Han Dong-hoon salutes the national flag during a ceremony held at the Justice Ministry headquarters in Gwacheon near Seoul on Thursday. (Yonhap)
Han Dong-hoon, the star prosecutor who was President Yoon Suk Yeol’s first justice minister, is about to make his official debut in politics as the leader of the ruling party.
One of the best-known figures in Yoon’s Cabinet, Han surprised Seoul’s political capital Yeouido on Thursday when he accepted an offer to lead the People Power Party, the top seat of which had been left vacant for over a week. Previous party leader Rep. Kim Gi-hyeon stepped down amid an open power struggle following the party’s devastating loss to the rival Democratic Party of Korea in a Seoul district election in October.
Polls have already showed wide approval of Han, a newcomer to Yeouido, as a political leader compared to potential rivals.
Among 1,006 eligible voters aged 18 and older surveyed on Wednesday and Thursday, some 45 percent said they preferred Han to be the country’s president compared to 41 percent who picked Rep. Lee Jae-myung, the leader of the Democratic Party of Korea who was defeated by Yoon in last year’s presidential election.
As for favorability, Han led Lee by five percentage points, 47 percent to 42 percent.
Han, whose resignation as justice minister was approved by the president on Friday, is taking control of the ruling party at a crucial time, with the 2024 general election just months away.
His soon-to-be colleagues in the People Power Party say he is the right person to help the party win over independent and crossover voters.
The ruling party’s Floor Leader Rep. Yun Jae-ok commented that Han has the “potential to escape bigotry and fandom politics” to reach a wider range of voters beyond the traditional base. “The decision to make Han the interim leader is a reflection of our will to make our party younger, and more diverse,” he said.

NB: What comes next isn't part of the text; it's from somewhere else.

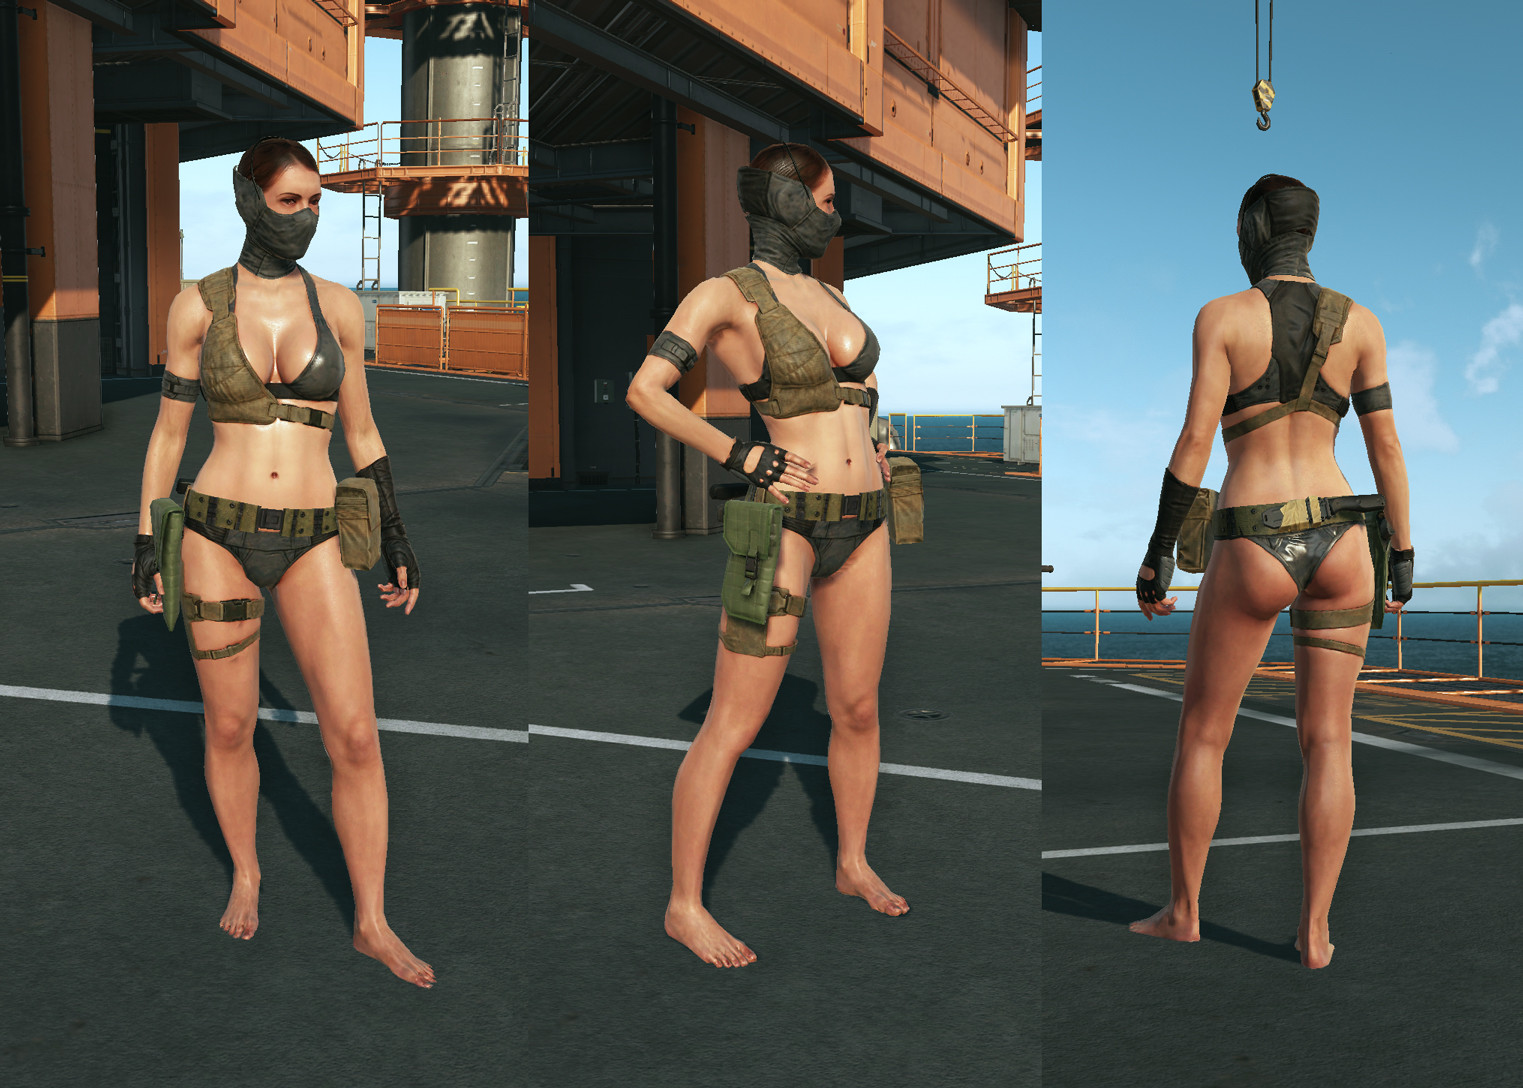 Metal Gear Solid V: The Phantom Pain Receives Swimwear Uniforms to

The Democratic Party, meanwhile, called Han “the president’s wingman” and accused the ruling party of “filling the party with Yoon cronies” in a statement, taking aim at the prosecutor-turned-justice minister’s reputation of being close to the president.
Rep. Jung Sung-ho, considered a key man in the opposition party’s “pro-Lee Jae-myung faction,” said on the other hand his party should take the ruling party’s latest move more seriously.
“Han has never touched alcohol in his life. He is unlike the president, who is a known drinker. He has the ability to change the ruling party with sober judgment,” he said in a statement Friday. “He might just turn out to be the ruling party’s winning card.”
Han was a celebrated prosecutor who earned fame for leading investigations -- alongside then-top prosecutor Yoon -- into corruption allegations surrounding the two previous conservative administrations of Park Geun-hye and Lee Myung-bak.
His role in the high-profile investigations that jailed the two ex-presidents helps make his case of being “nobody’s man,” as he has often claimed.
Speaking to reporters Tuesday, he said that he has not known blind loyalty over his time as a public servant, seemingly conscious of public perception of his close ties to the president.
“Throughout my life in public office I have never been blindly loyal to anybody. My one guiding principle has been to pursue public good,” he said.